Harvard's Recommendations to President Obama on Public Access Policy

From: Stevan Harnad <amsciforum_at_GMAIL.COM>
Date: Tue, 26 Jan 2010 07:39:40 -0500

    ** Apologies for Cross-Posting **

Professor Steven Hyman, Provost of Harvard, the first US University
to mandate Open Access, has submitted such a spot-on, point for
point response to President Obama’s Request for Information on Public Access
Policy that if his words are heeded, the beneficiaries will not only be US
research progress and the US tax-paying public, by whom US research is funded
and for whose benefit it is conducted, but research progress and its public
benefits planet-wide, as US policy is globally reciprocated.

Reproduced below are just a few of the highlights of Professor Hyman’s response.
Every one of the highlights has a special salience, and attests to the minute
attention and keen insight into the subtle details of Open Access that went into
the preparation of this invaluable set of recommendations.

[Hash-marks (#) indicate three extremely minor points on which the response
could be ever so slightly clarified -- see end.]
      “The public access policy should (1) be mandatory, not voluntary,
      (2) use the shortest practical embargo period, no longer than six
      months, (3) apply to the final version of the author’s peer-reviewed
      manuscript, as opposed to the published version, unless the
      publisher consents to provide public access to the published
      version, (4) [# require deposit of the manuscript in a suitable open
      repository #] immediately upon acceptance for publication, where it
      would remain “dark” until the embargo period expired, and (5) avoid
      copyright problems by [## requiring federal grantees, when
      publishing articles based on federally funded research, to retain
      the right to give the relevant agency a non-exclusive license to
      distribute a public-access copy of his or her peer-reviewed
      manuscript ##]…

      “If publishers believe they cannot afford to allow copies of their
      articles to be released under a public-access policy, they need not
      publish federally funded researchers. To date, however, it appears
      that no publishers have made that decision in response to the NIH
      policy. Hence, federally funded authors remain free to submit their
      work to the journals of their choice. Moreover, public access gives
      authors a much larger audience and much greater impact…

      “If the United States extends a public-access mandate across the
      federal government, then lay citizens with no interest in reading
      this literature for themselves will benefit indirectly because
      researchers will benefit directly…. That is the primary problem for
      which public access is the solution…
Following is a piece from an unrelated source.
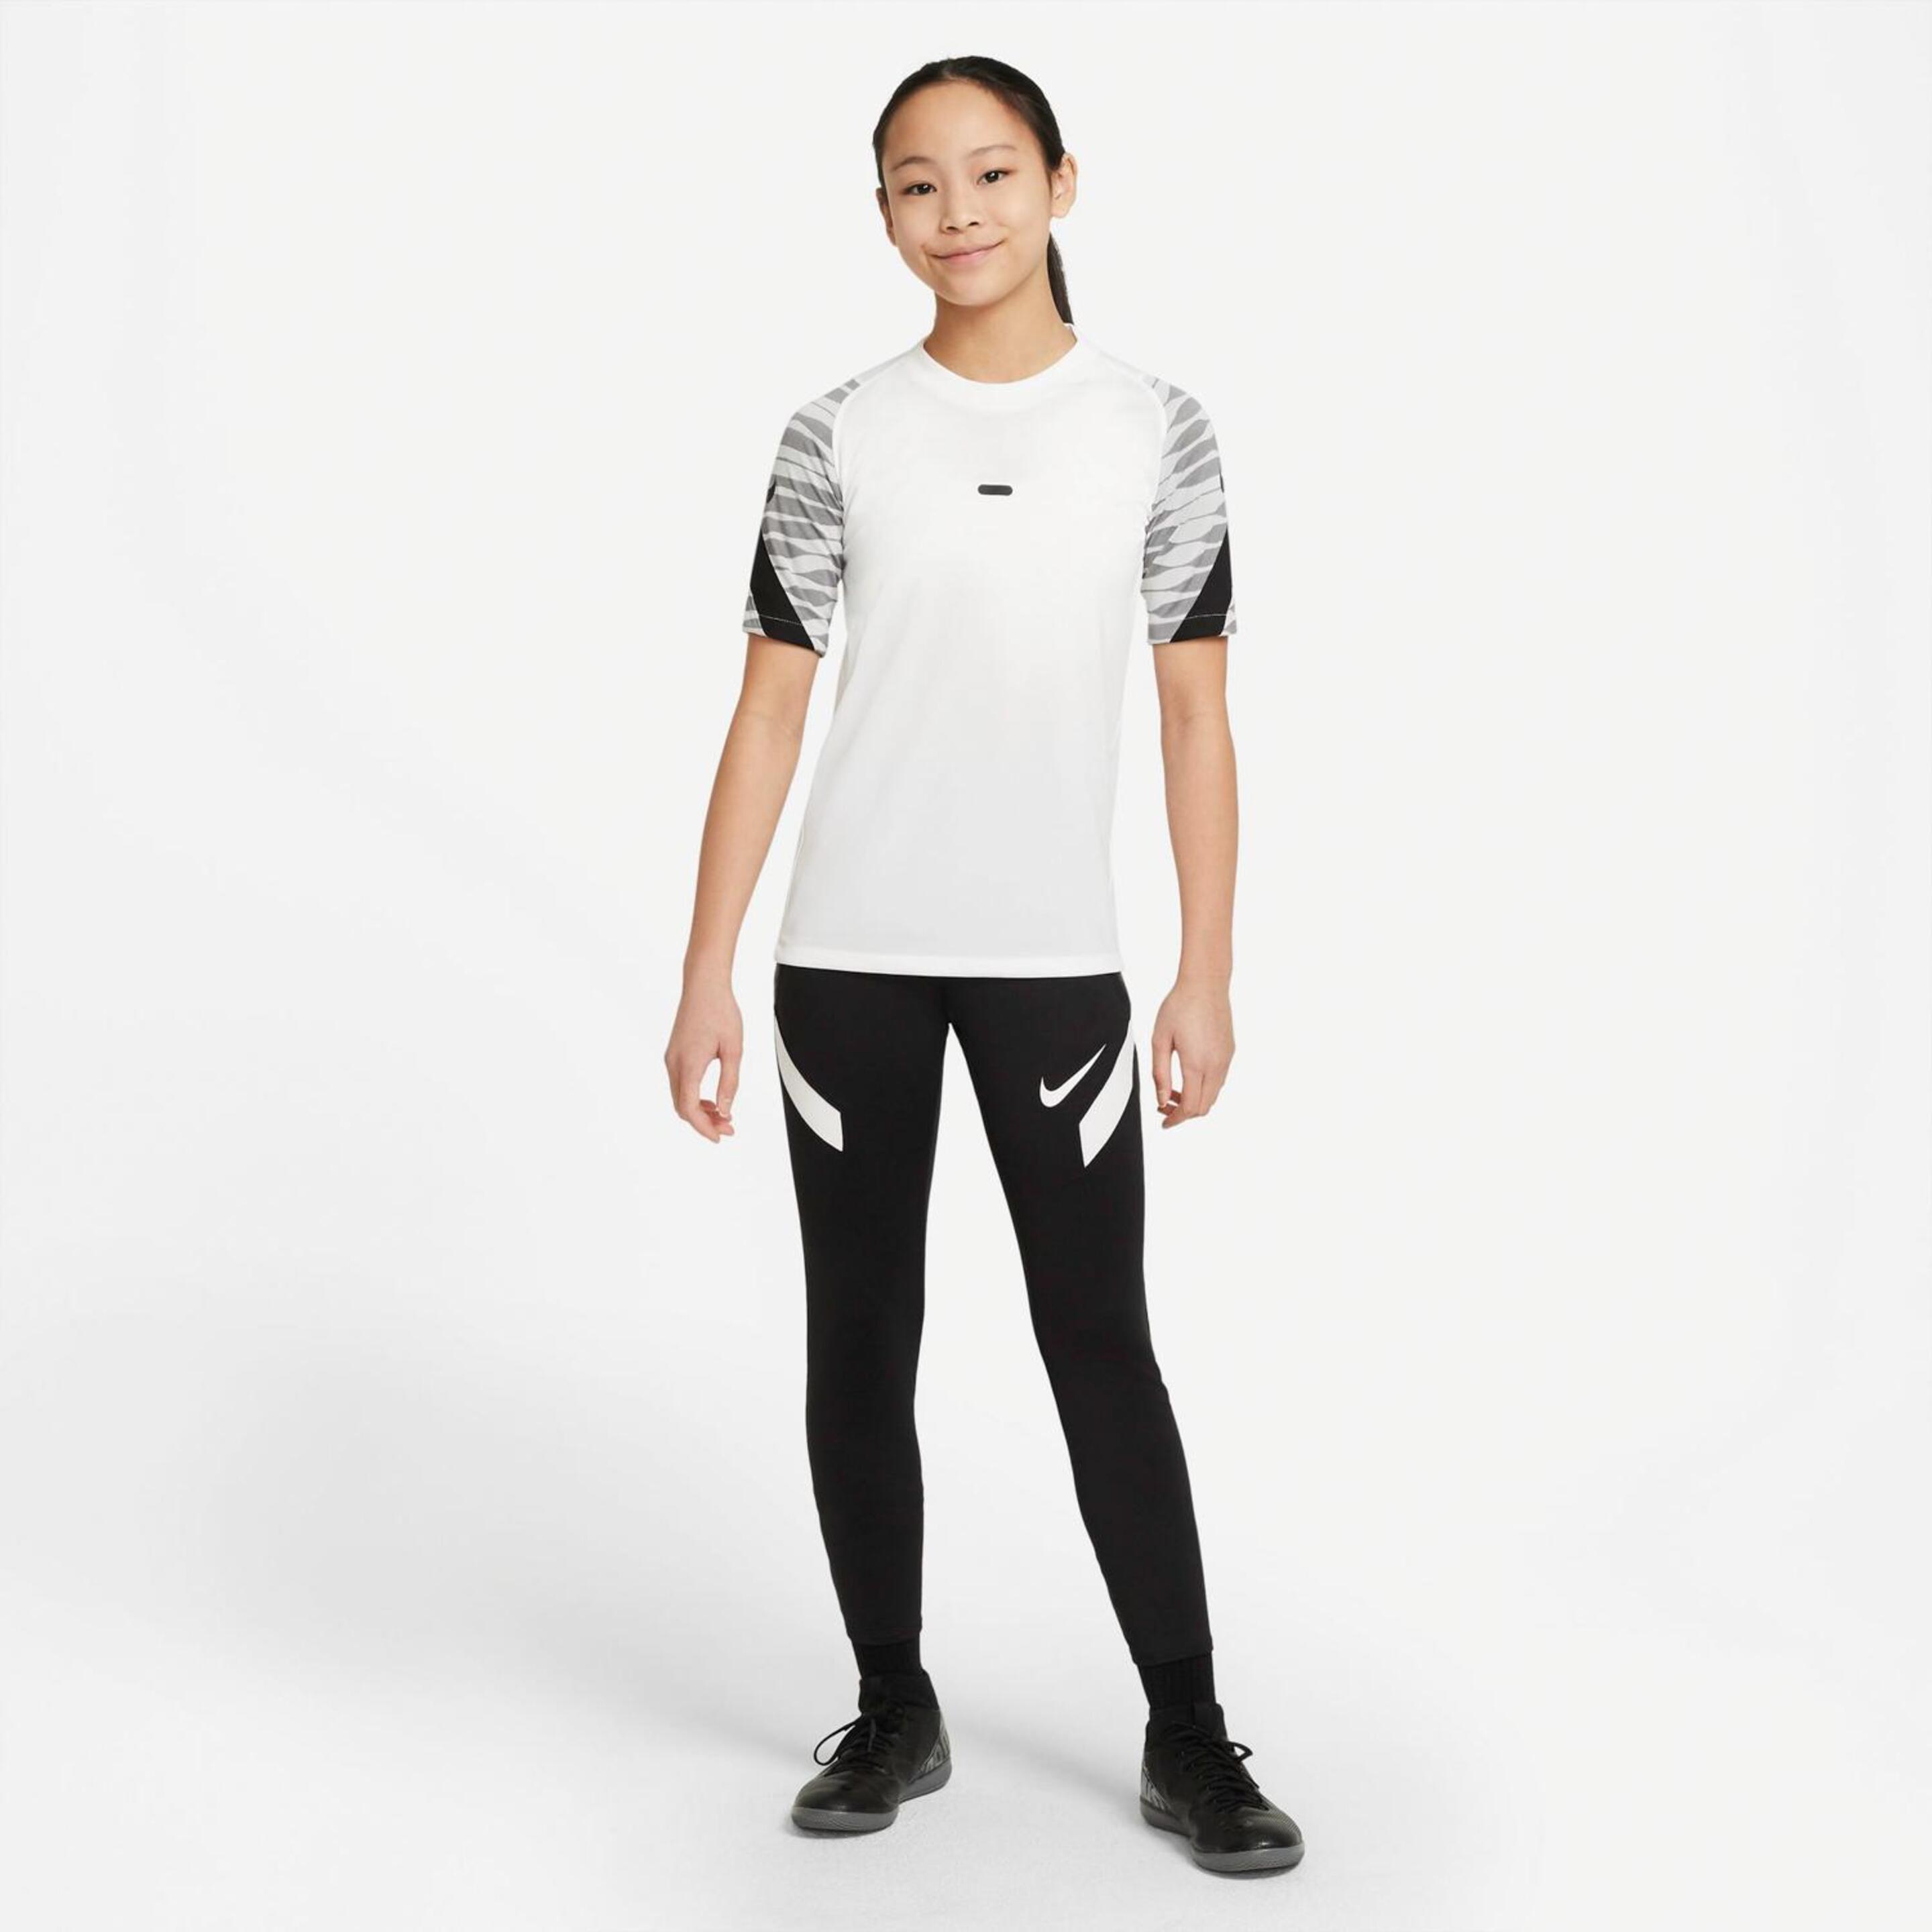 T-shirt Nike Dri-fit Strike
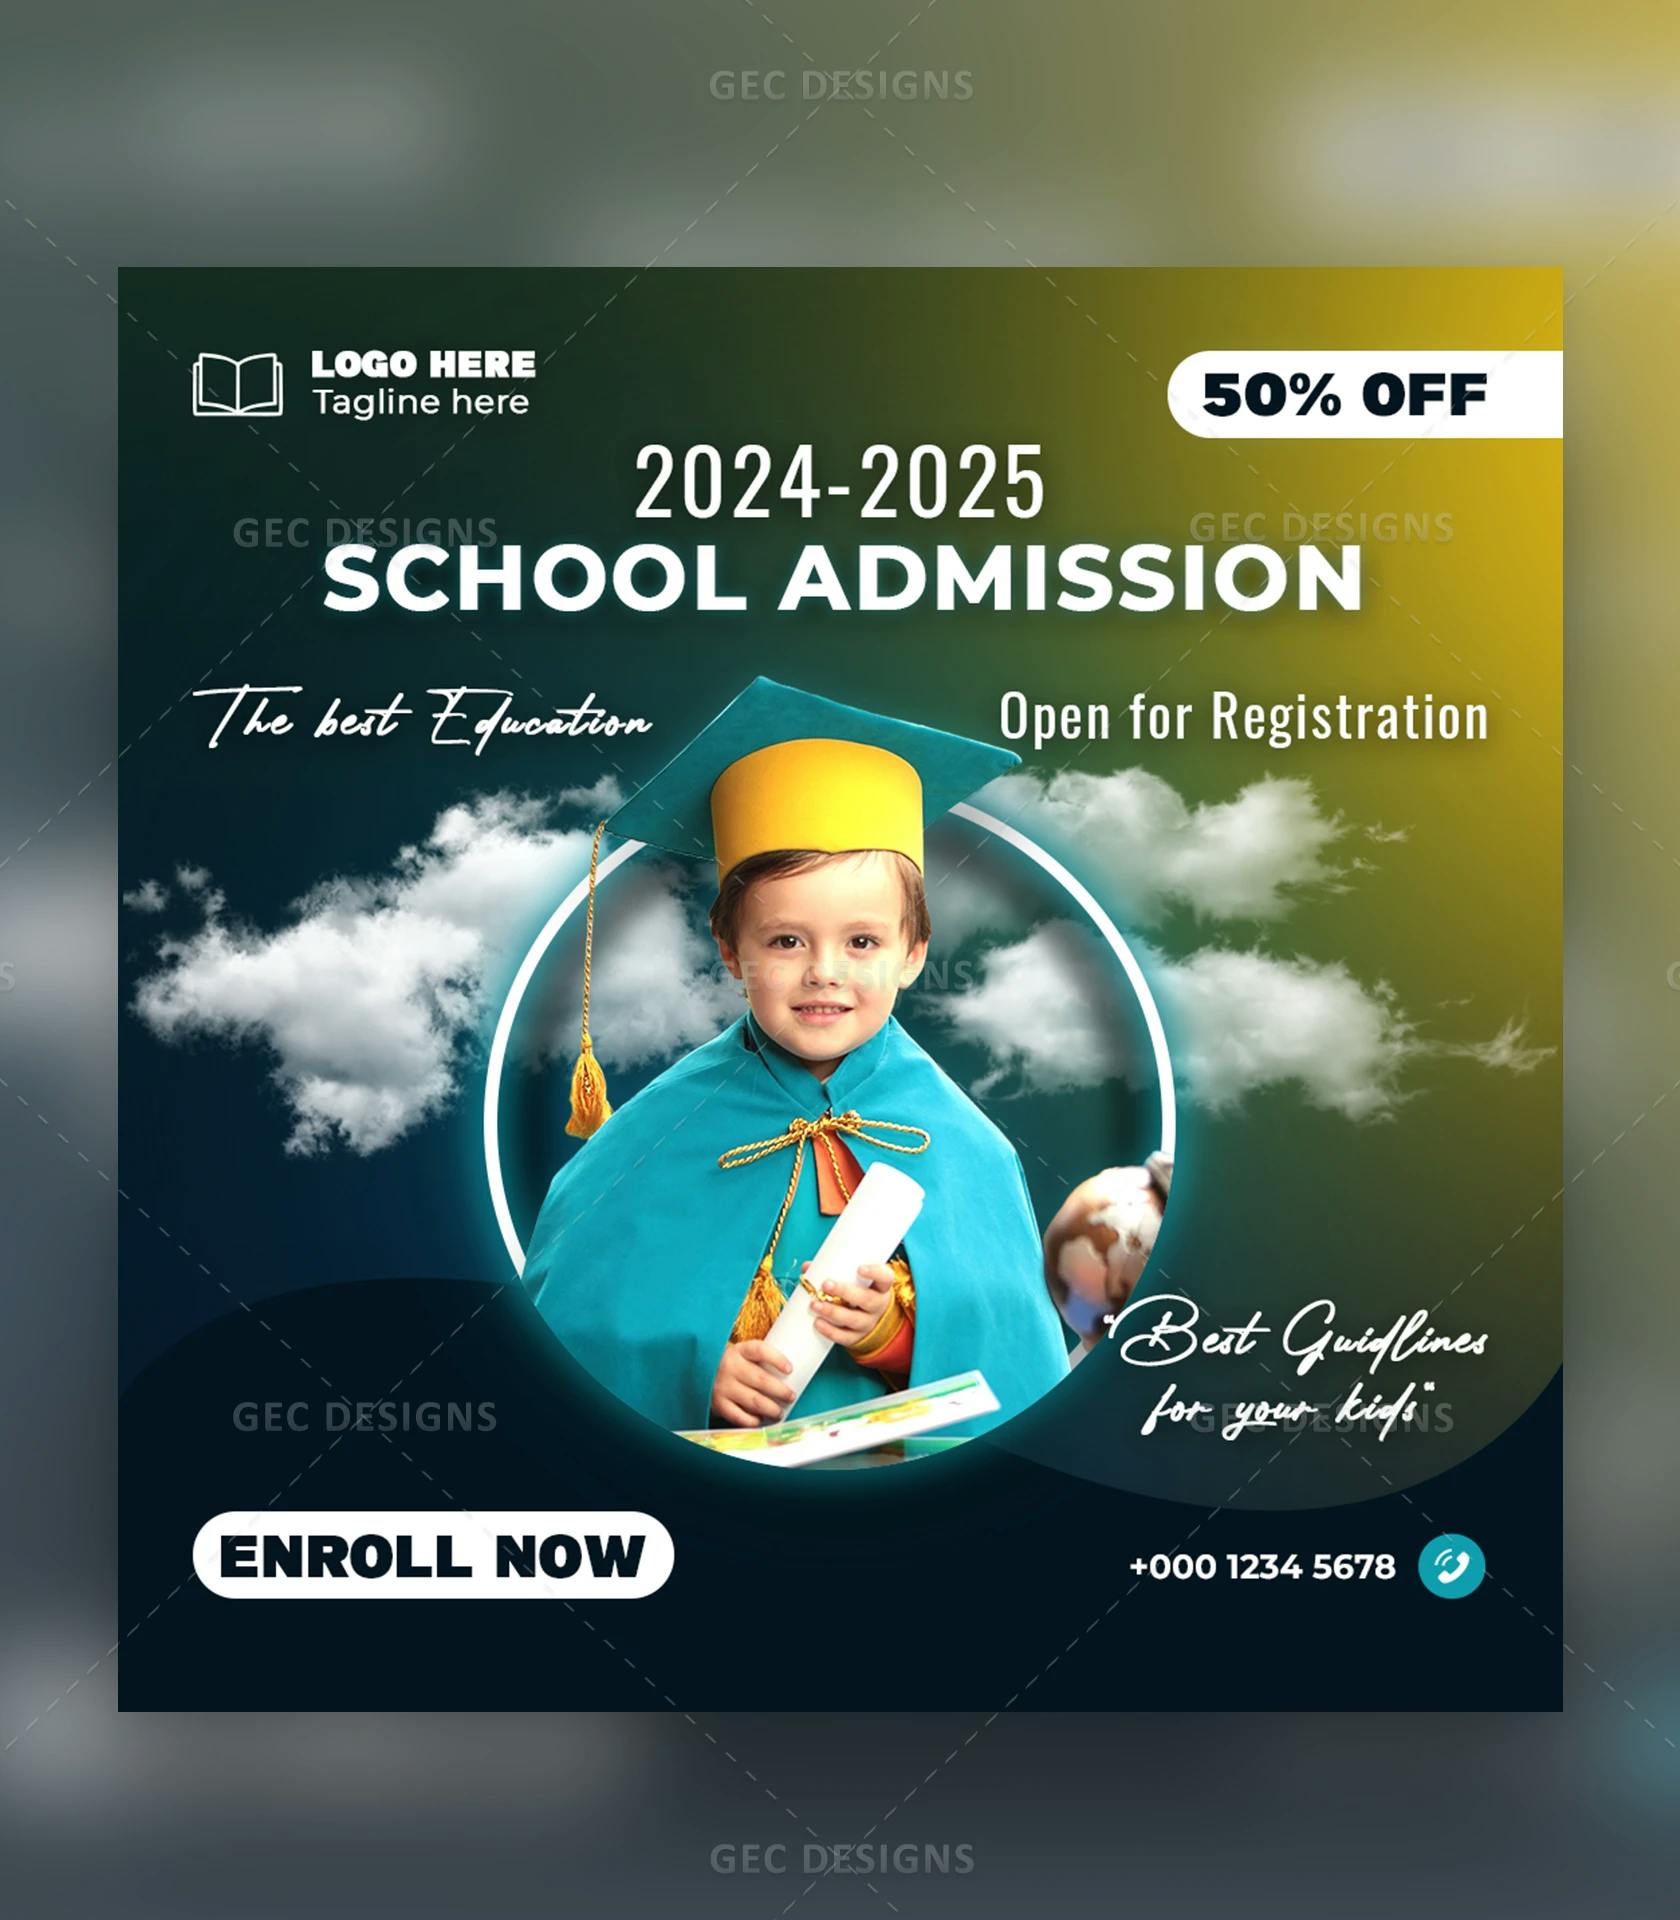 School admission advertisement Instagram poster design

      “It doesn’t matter whether many lay readers, or few, are able to
      read peer-reviewed research literature or have reason to do so. But
      even if there are many, the primary beneficiaries of a public-access
      policy will be professional researchers, who constitute the intended
      audience for this literature and who depend on access to it for
      their own work….

      “Among the metrics for measuring success, I can propose these: the
      compliance rate (how many articles that the policy intends to open
      up have actually been opened up); the number of downloads from the
      public-access repositories; and the number of citations to the
      public-access articles. As we use different metrics, we must accept
      that [### we will never have an adequate control group: a set of
      articles on similar topics, of similar quality, for which there is
      no public access###]….


Three suggestions for clarifying the minor points indicated by the hash-marks
      [#”require deposit of the manuscript in a suitable open repository”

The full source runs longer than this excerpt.